# Given material
______

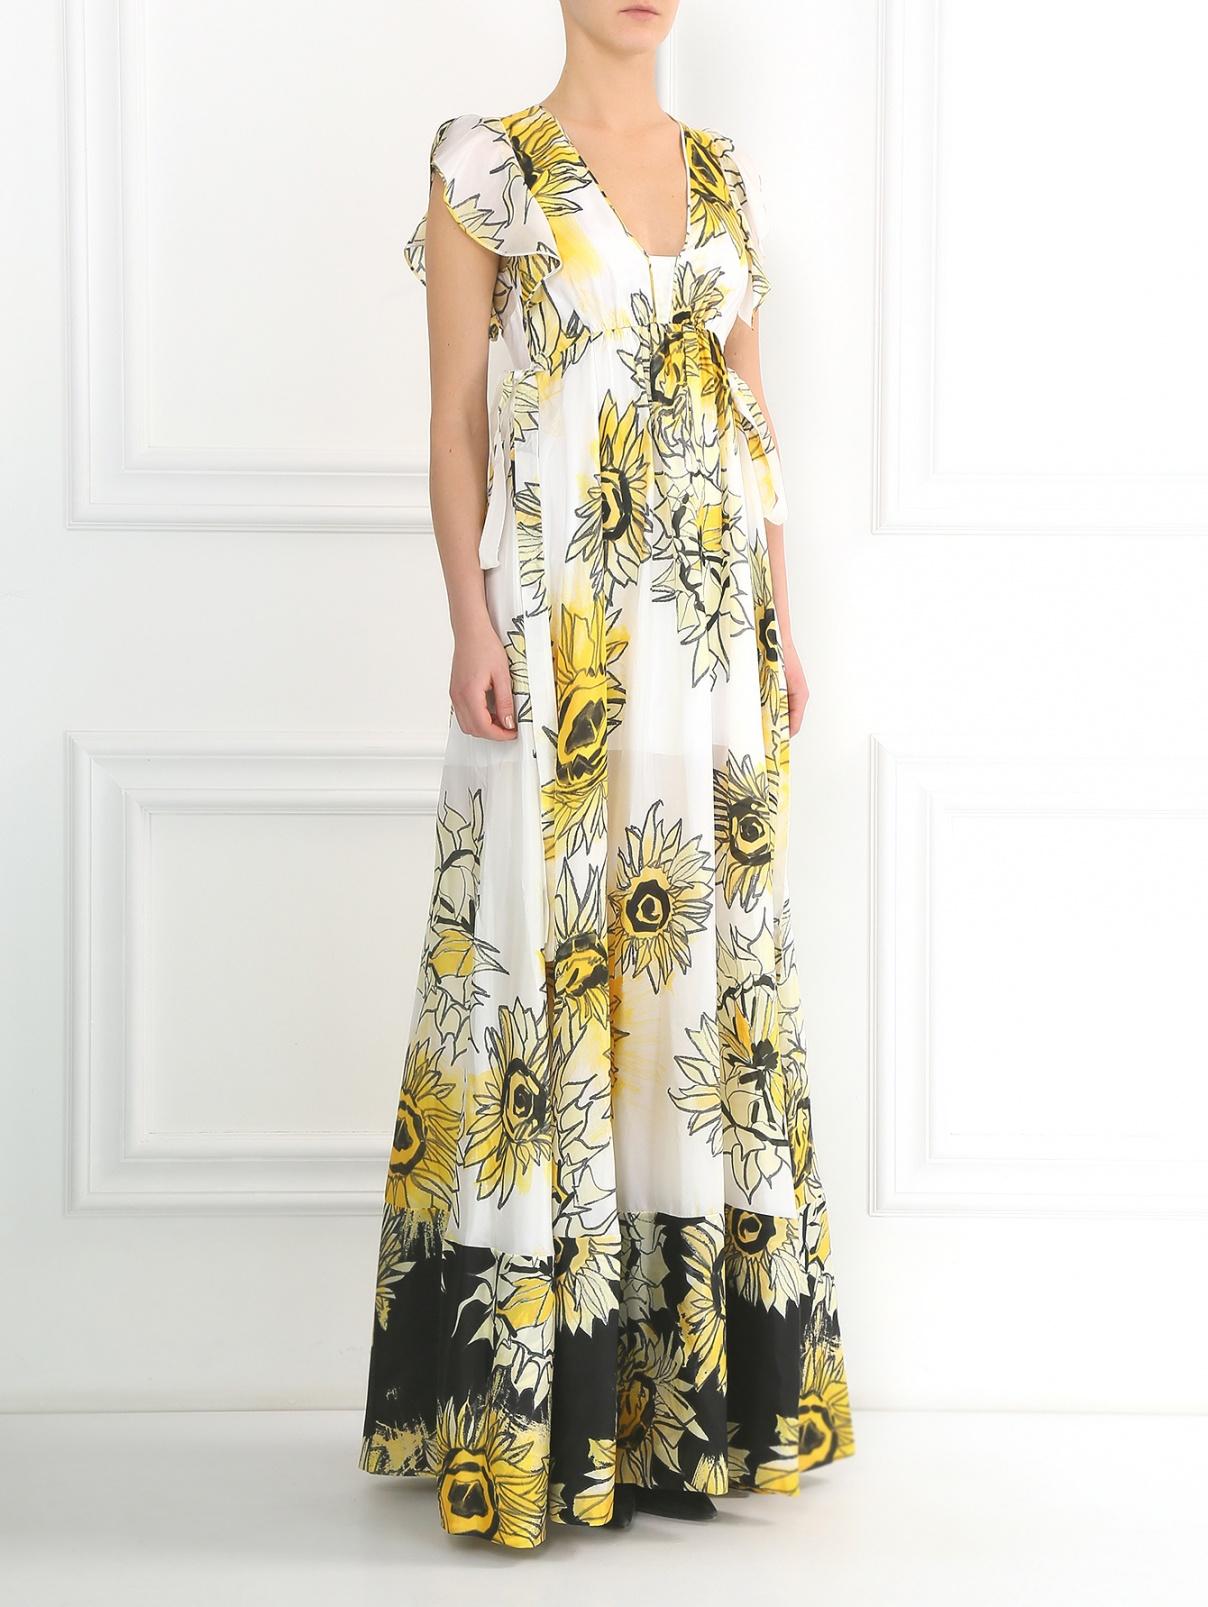 Платье-макси из шелка с цветочным узором N21  –  Модель Общий вид  – Цвет:  Белый
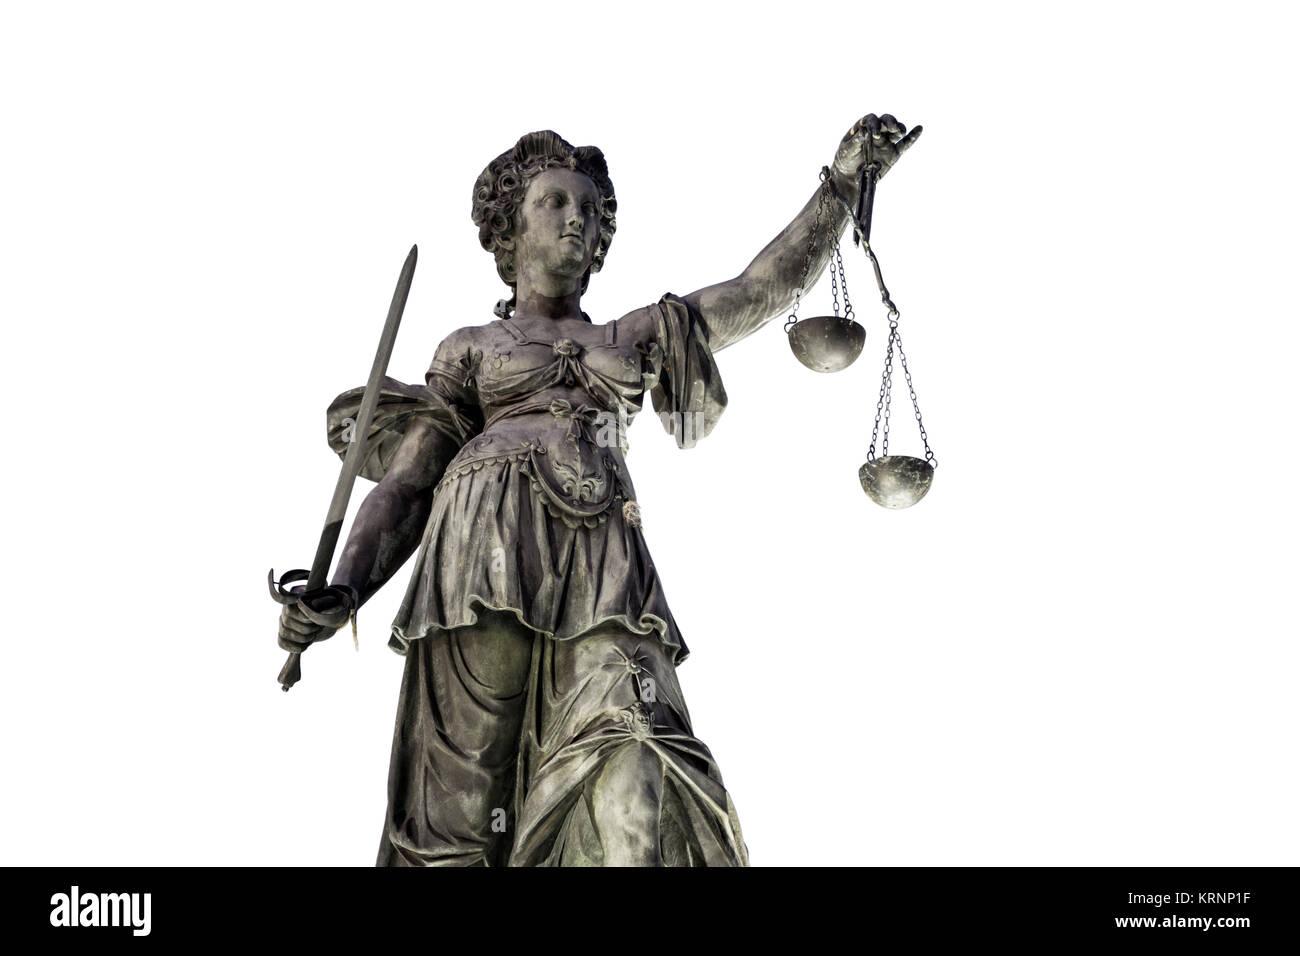 Justitia, die Göttin der Gerechtigkeit, der Brunnen der Gerechtigkeit, Knockout, Roemerberg, Frankfurt, Deutschland Stockbild
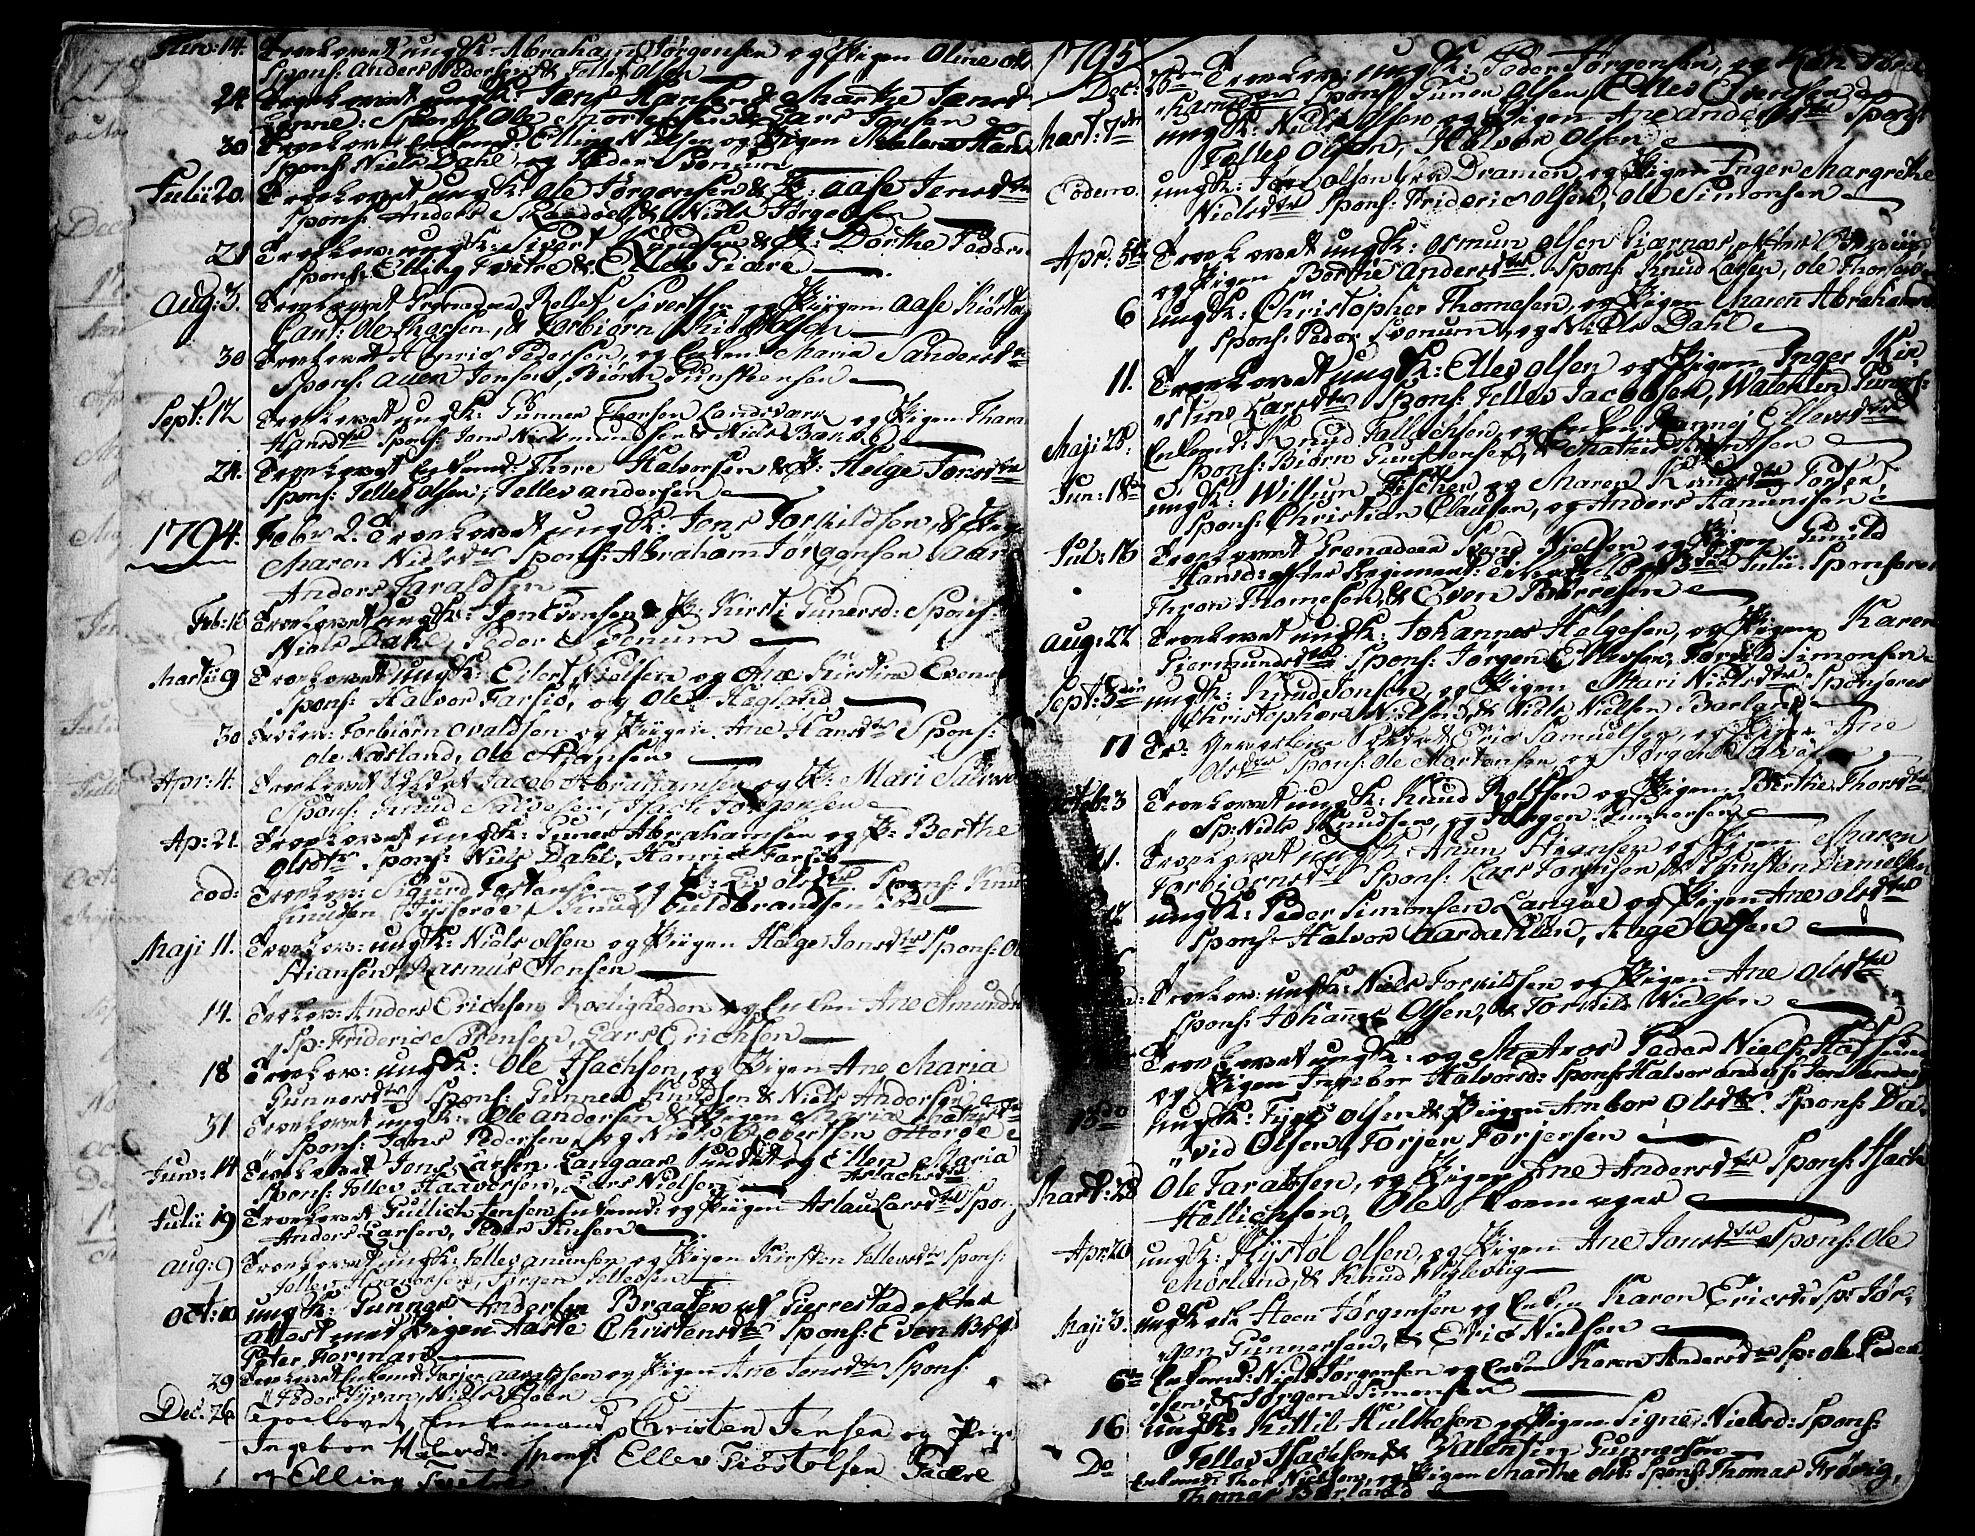 SAKO, Sannidal kirkebøker, F/Fa/L0002: Ministerialbok nr. 2, 1767-1802, s. 8
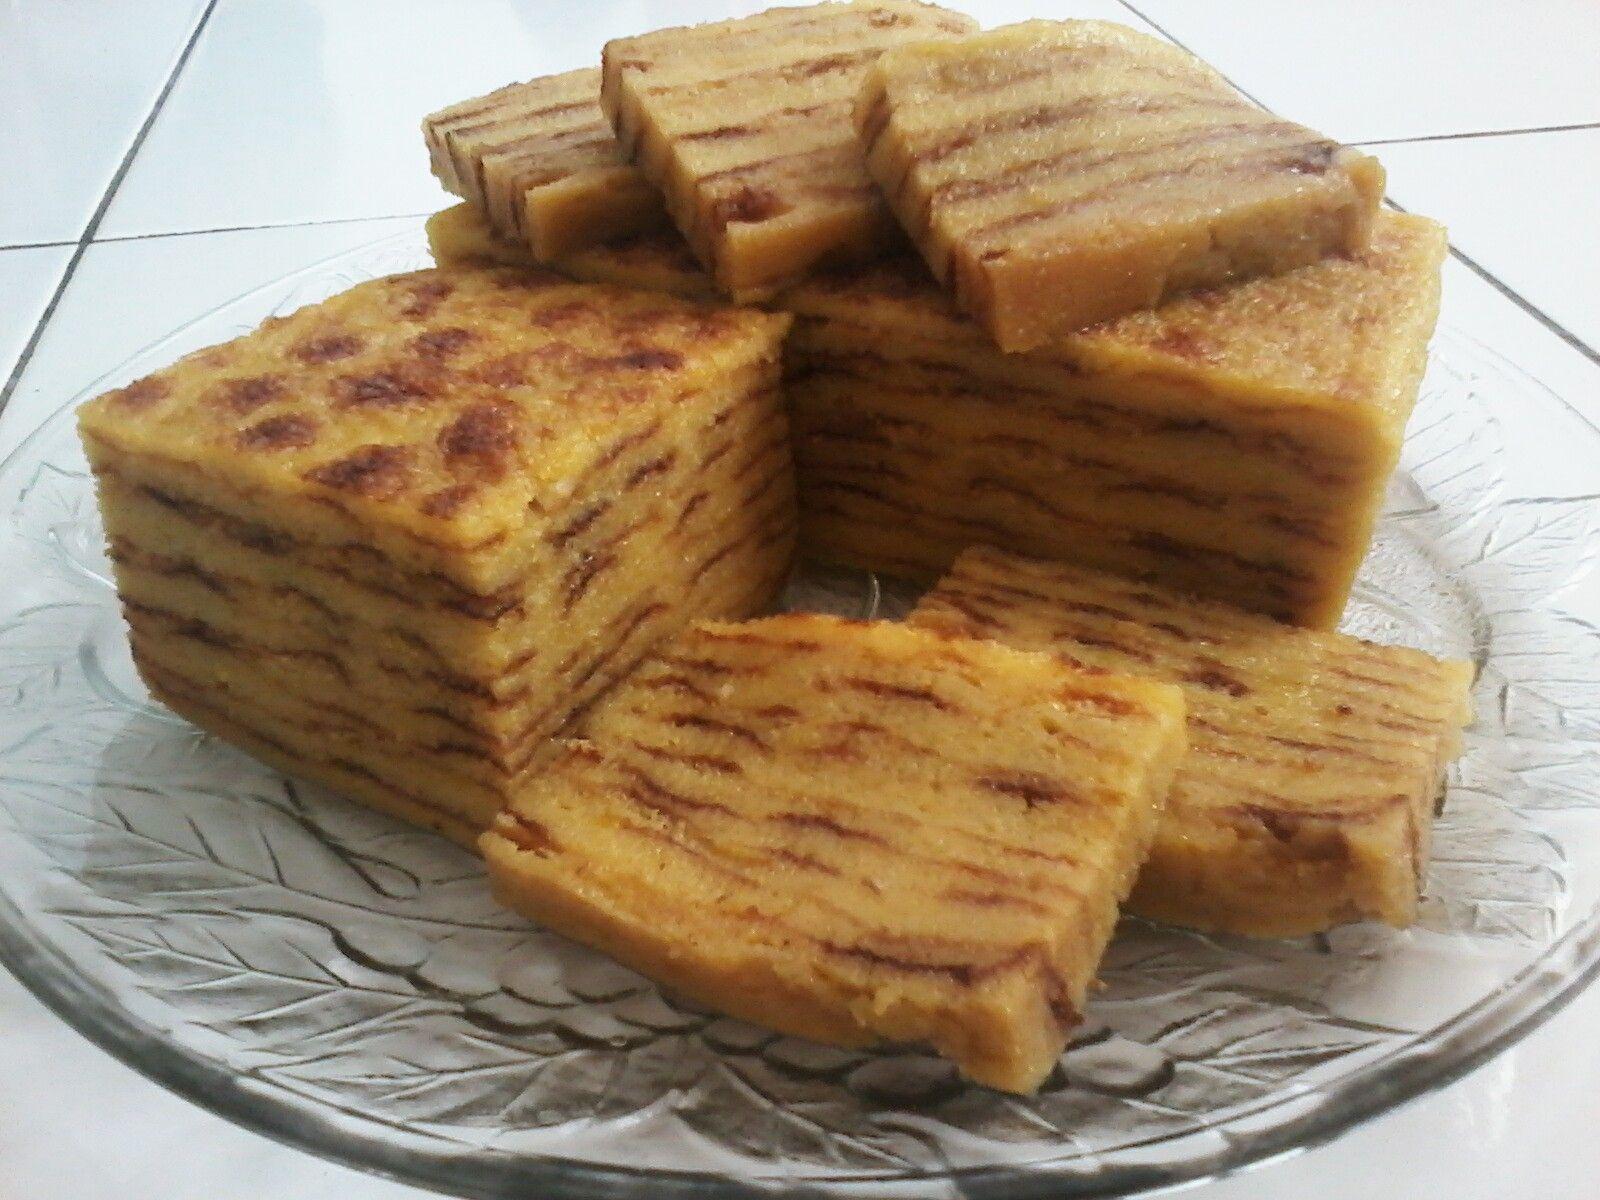 Kue Maksuba Asal Palembang Yang Serupa Dengan Kue Lapis Legit Makanan Manis Kue Lapis Makanan

______

# Task description
Only the lines from the one with "SAKO, Sannidal kirkebøker, F/Fa/L0002: Ministerialbok" to the end of the listing, both ends included, should be retyped exactly; no pictures belong in the copy.

# Exercise solution
 SAKO, Sannidal kirkebøker, F/Fa/L0002: Ministerialbok nr. 2, 1767-1802, s. 8
 Kue Maksuba Asal Palembang Yang Serupa Dengan Kue Lapis Legit Makanan Manis Kue Lapis Makanan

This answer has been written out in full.